Furthermore, a fundamental limitation is the lack of detailed information on various etiological factors related to urinary incontinence (UI) for both men and women in the available dataset. The absence of specific data on gender-specific etiologies, such as the impact of prostate interventions on male UI, is recognized as a constraint, impeding a comprehensive exploration of the diverse factors contributing to UI in both male and female populations.

Conclusion

This comprehensive study on UI in both men and women has shed light on significant gender disparities and determinants of UI. Notably, UI affects approximately 9% of the overall population, with a marked difference between genders. Importantly, this gender difference decreases with age, highlighting the evolving nature of UI across the lifespan.

One striking finding is the role of modifiable and non-modifiable causes in the prevalence of UI. Marital status and employment status, for instance, emerge as significant determinants. Separated, divorced, or widowed individuals, particularly women, have higher rates of UI, indicating a possible connection between emotional and social factors and UI. Employment status also matters, with employed men having lower rates and retired women facing higher rates. These findings suggest addressing marital and employment-related stressors might help alleviate UI, especially in women.
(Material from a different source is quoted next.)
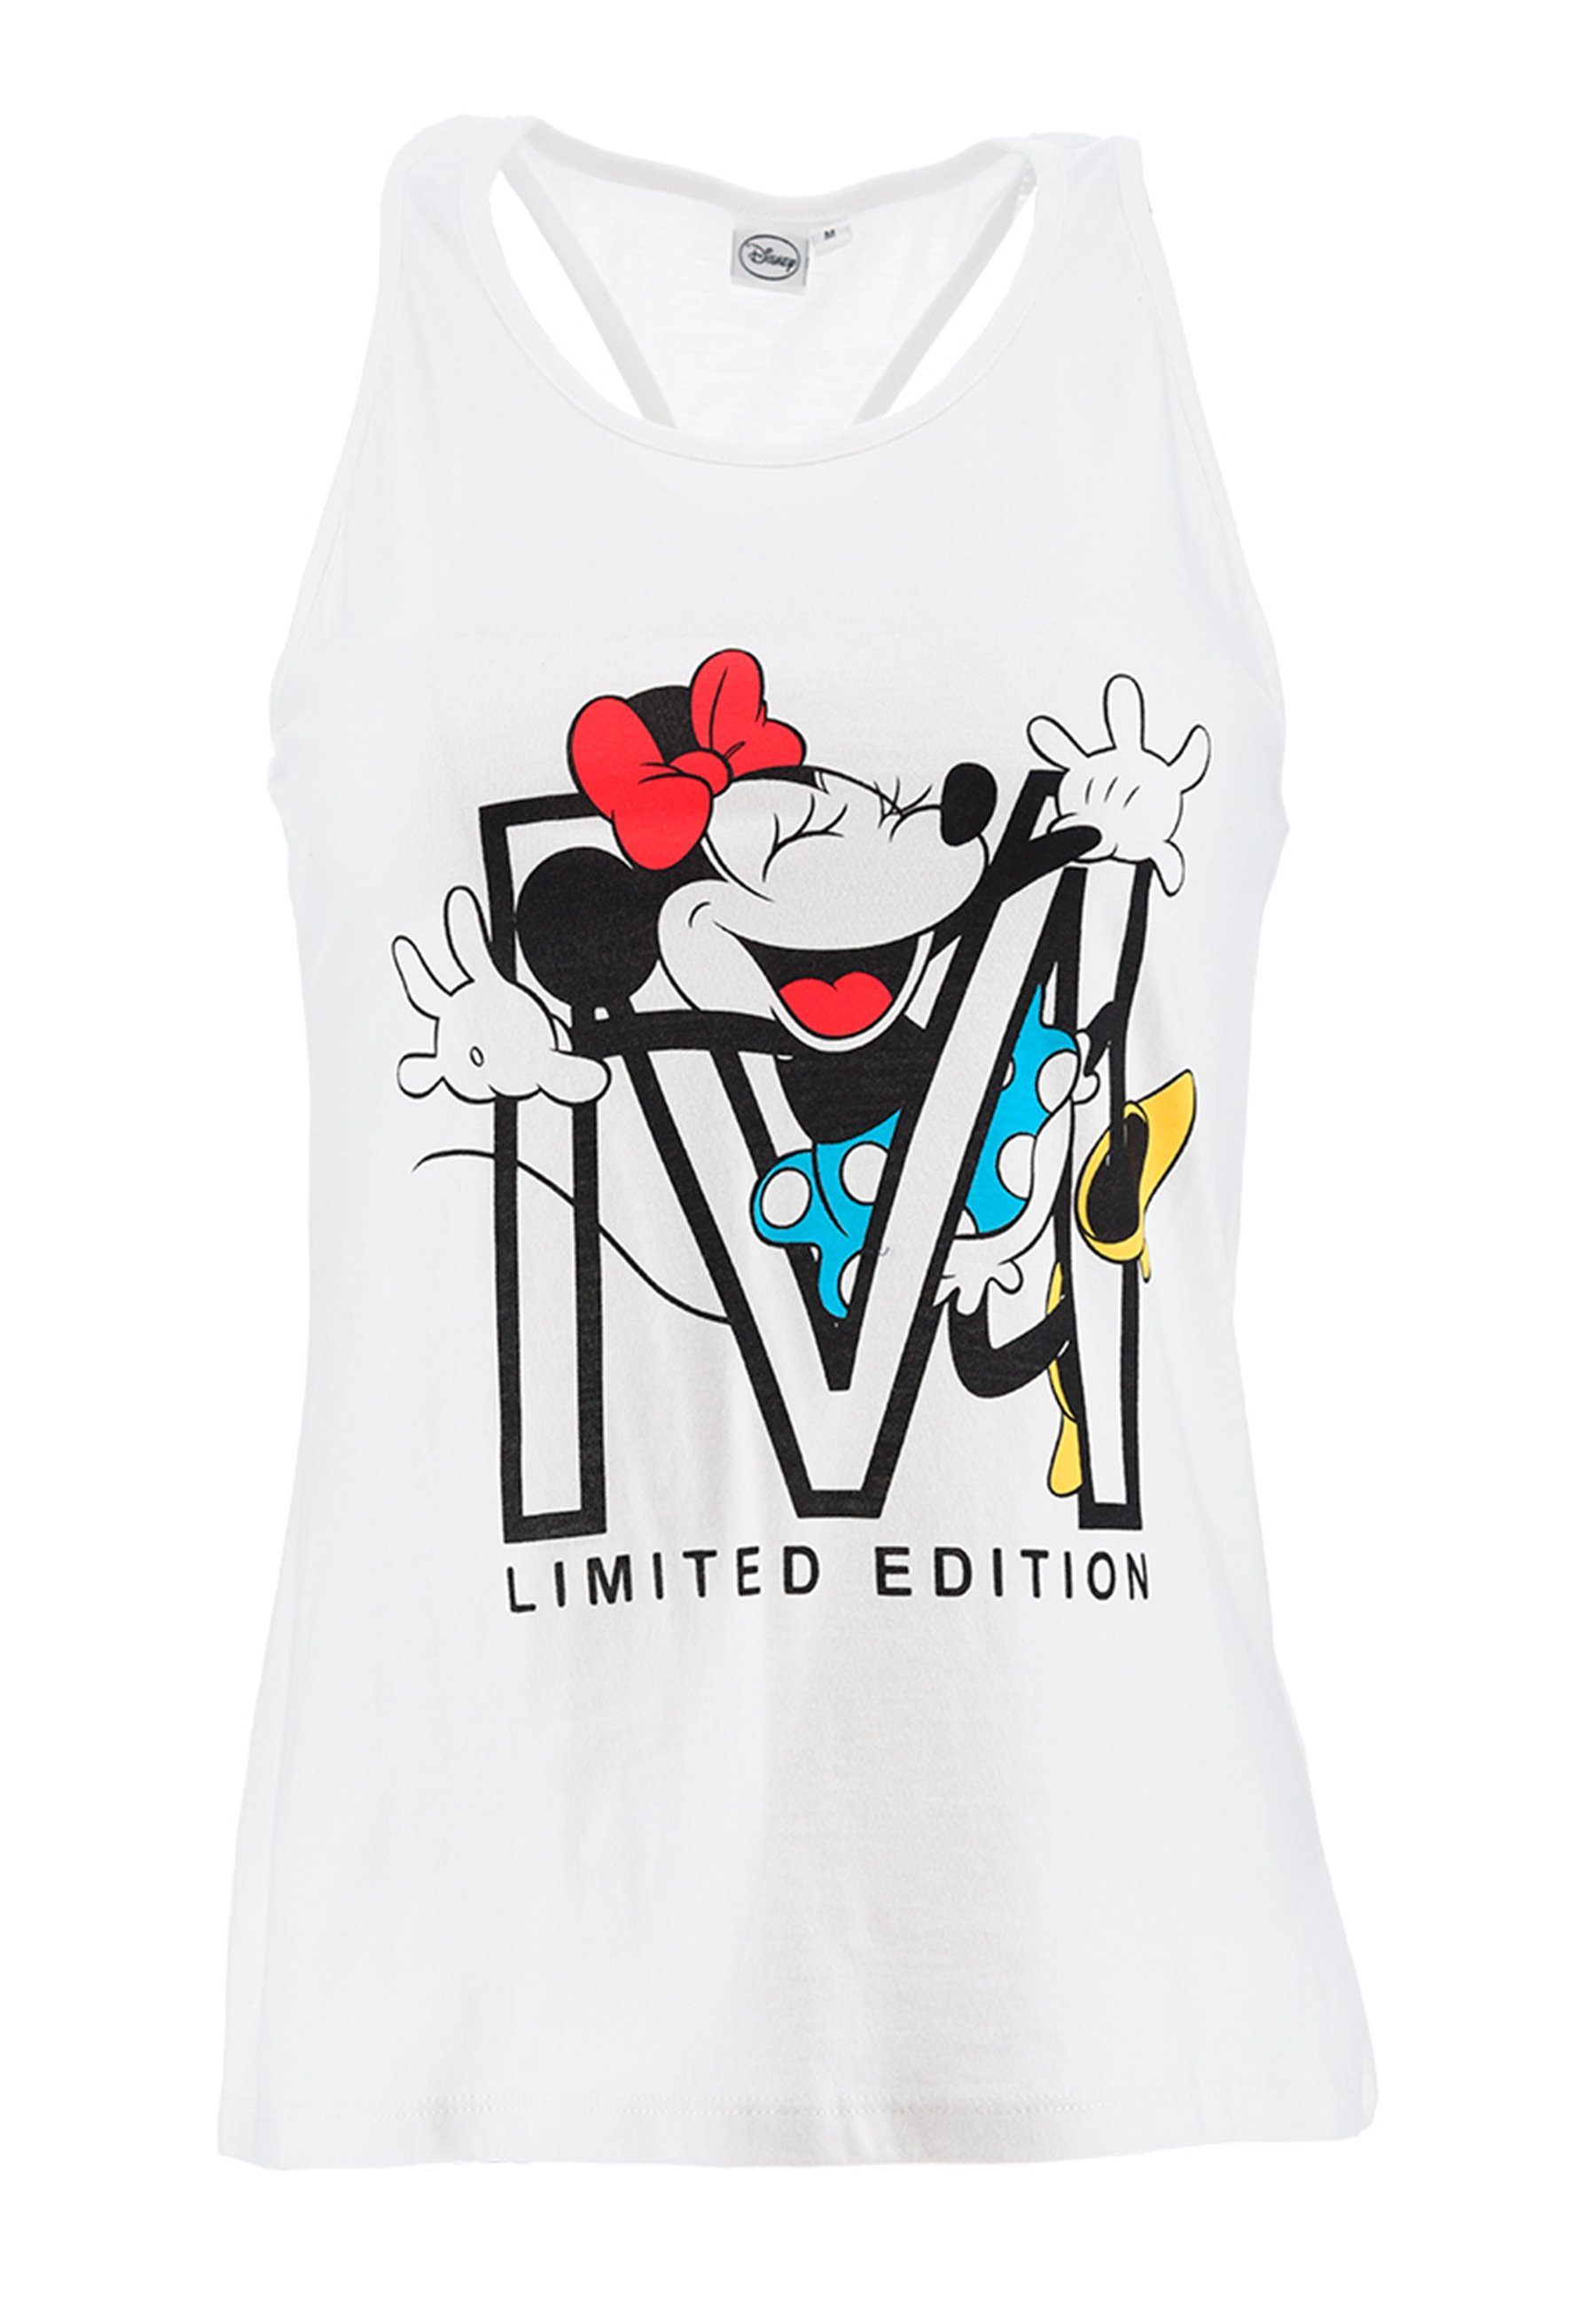 Disney Minnie Mouse Muskelshirt Mini Maus Damen Top Shirt ärmellos Weiß

Furthermore, modifiable factors such as obesity, physical inactivity, and smoking are associated with higher UI prevalence, primarily in women. This highlights the importance of lifestyle modifications and targeted interventions to reduce UI risk, especially in the female population. Conversely, non-modifiable factors like age and the presence of chronic conditions such as COPD, hypertension, and diabetes are more strongly associated with UI in men. This underscores the need for tailored healthcare approaches for older men and those with underlying medical conditions.

In summary, our study underscores that UI is not a one-size-fits-all condition. It is influenced by a complex interplay of modifiable and non-modifiable factors that vary between men and women. This nuanced understanding should encourage further research to develop more precise and effective strategies for preventing and managing UI in both genders, ultimately reducing the overall burden of this condition on public health.